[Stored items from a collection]
===

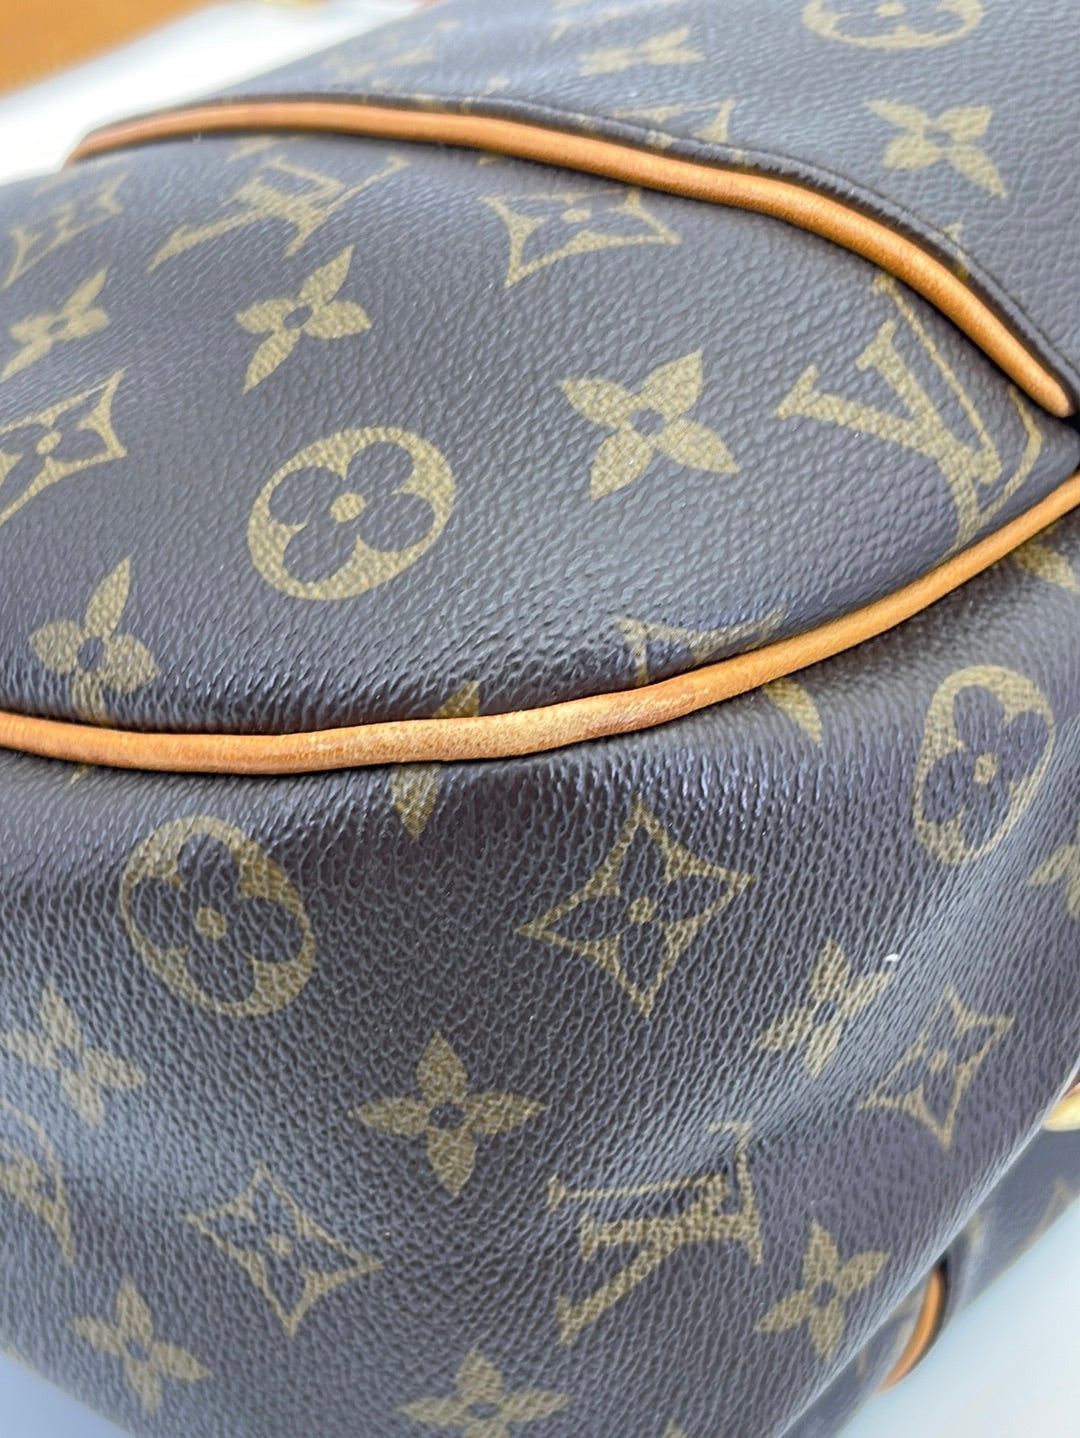 Authenticated Used Louis Vuitton LOUIS VUITTON Monogram Berry PM One  Shoulder Bag M41623 
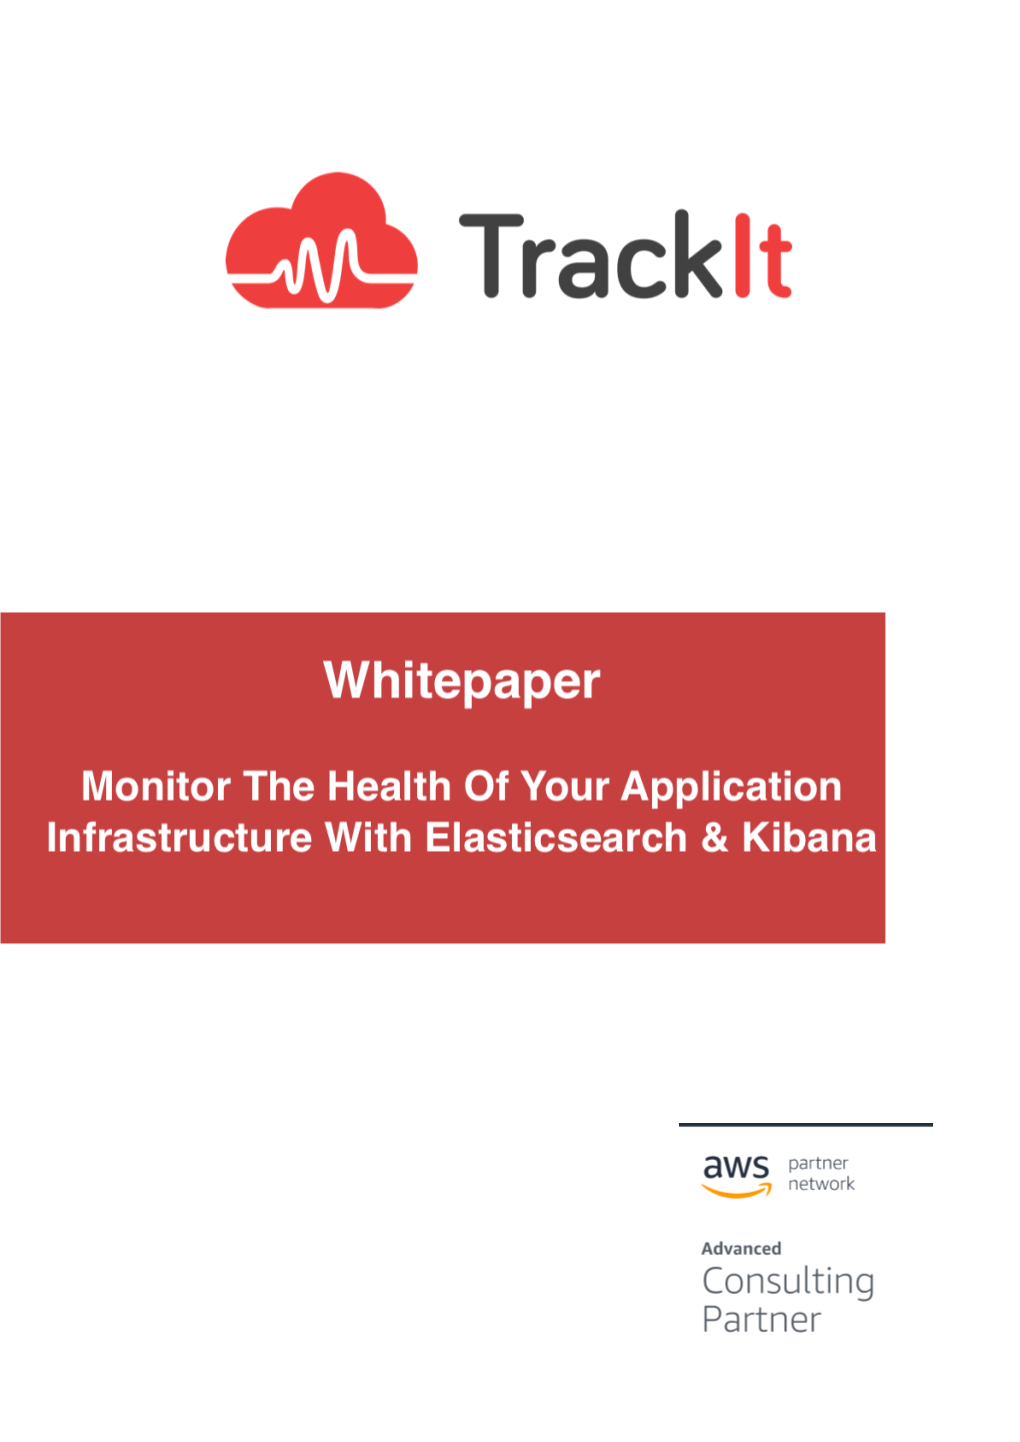 Accessing Elasticsearch & Kibana
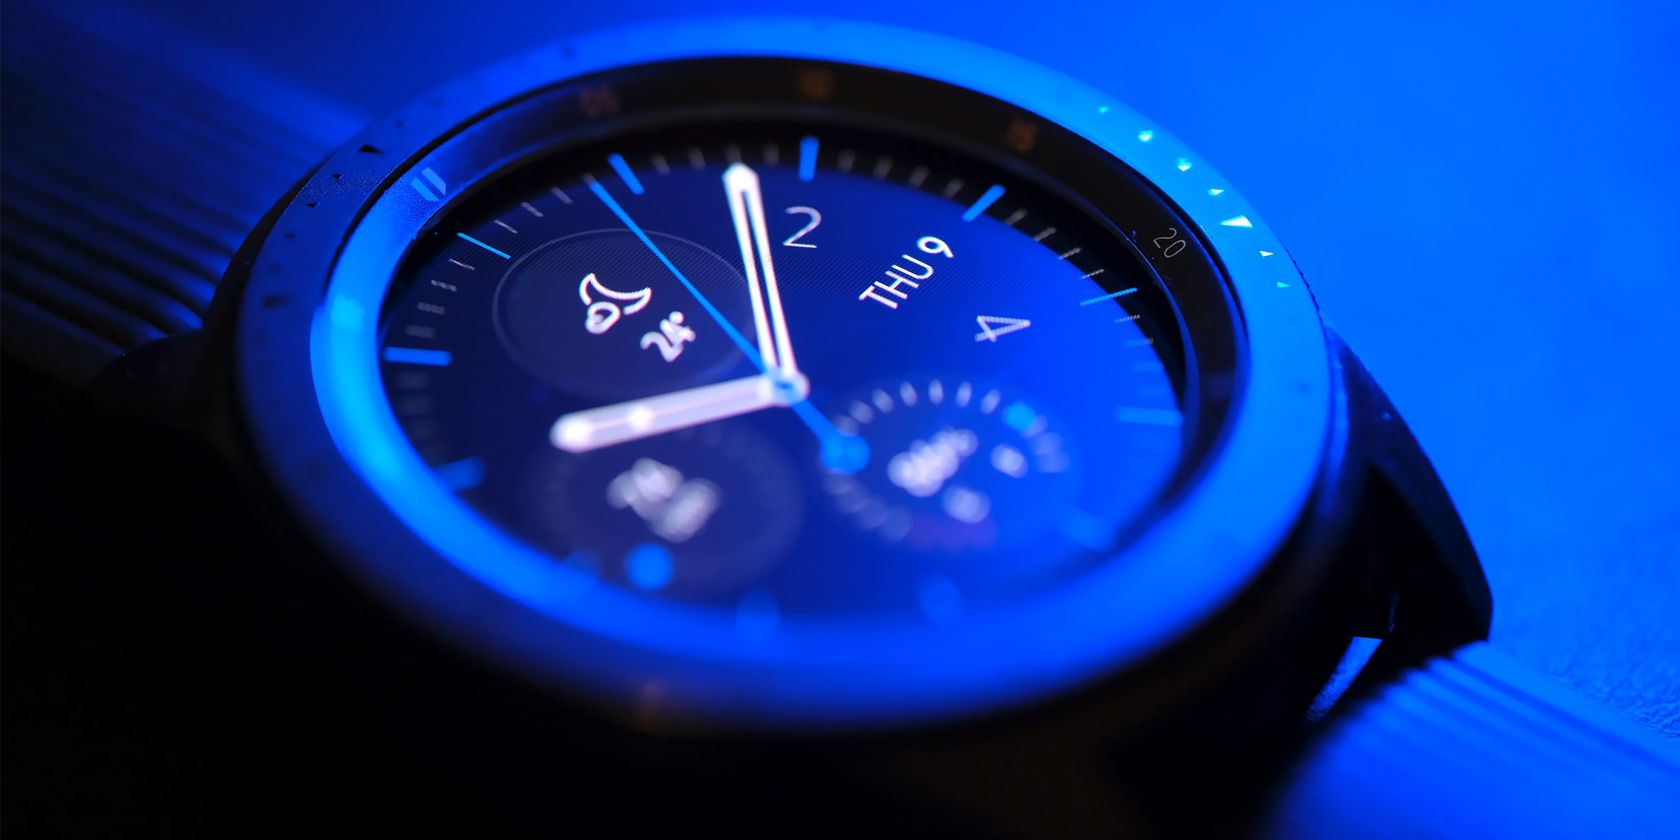 A close up image of a hybrid smartwatch
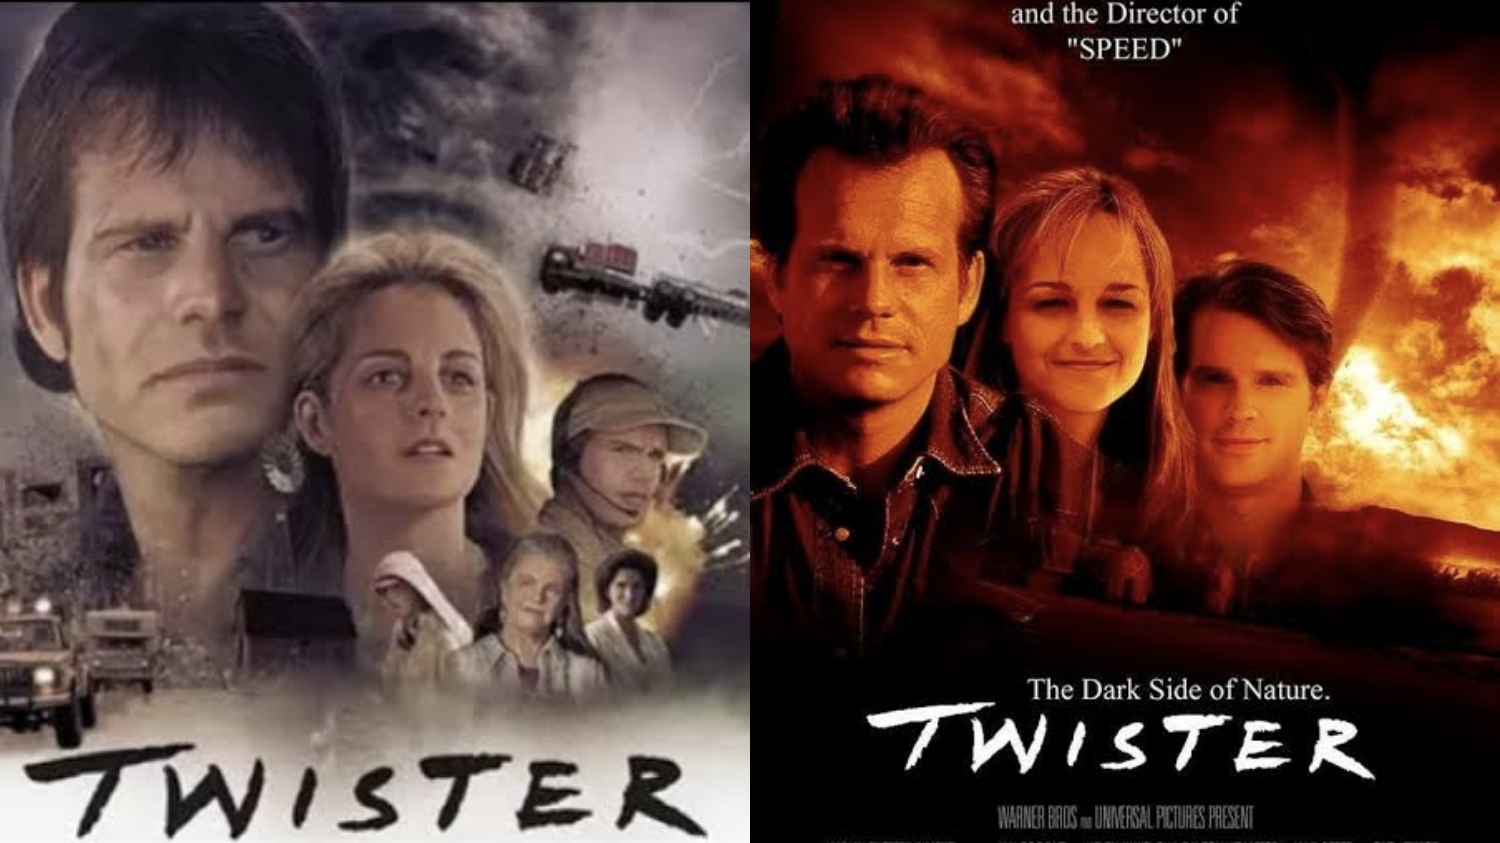 Twisters, Film Tentang Tornado dan Segala yang Wajib Kamu Ketahui
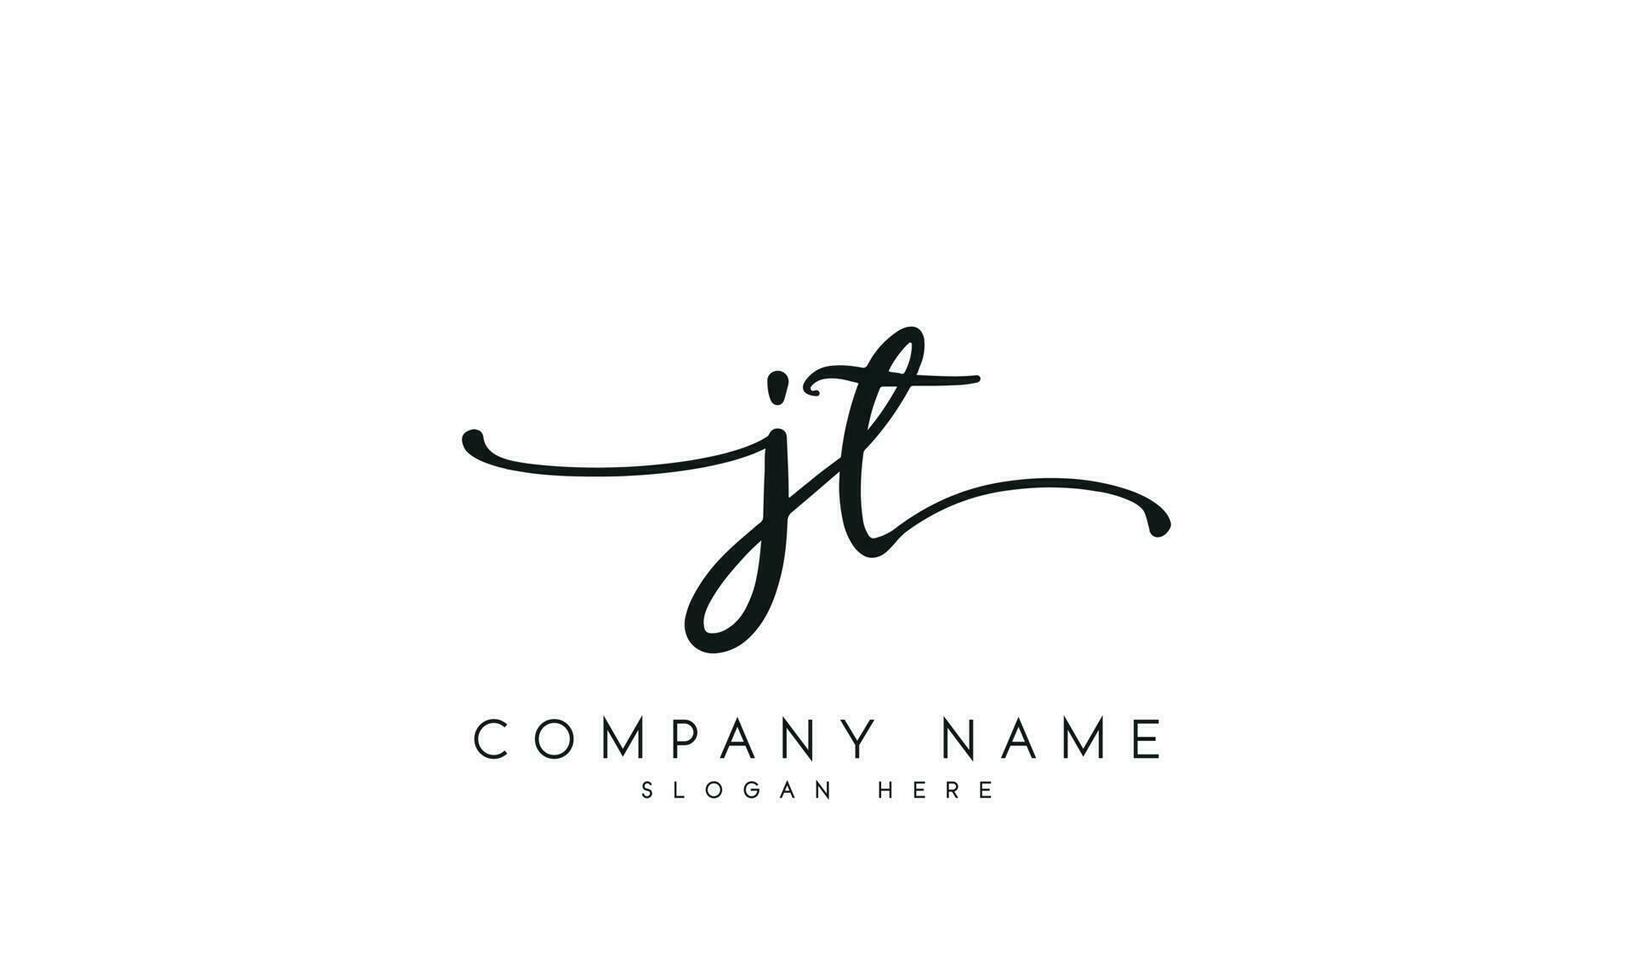 Handwriting JT logo design. JT logo design vector illustration on white background. free vector

===

— Work required —
Pictures don't belong in the copy. Restate all the entries exactly.

— Result —
 Authenticated Used Louis Vuitton LOUIS VUITTON Monogram Berry PM One  Shoulder Bag M41623 
 Accessing Elasticsearch & Kibana
 A close up image of a hybrid smartwatch
 Twisters, Film Tentang Tornado dan Segala yang Wajib Kamu Ketahui
 Handwriting JT logo design. JT logo design vector illustration on white background. free vector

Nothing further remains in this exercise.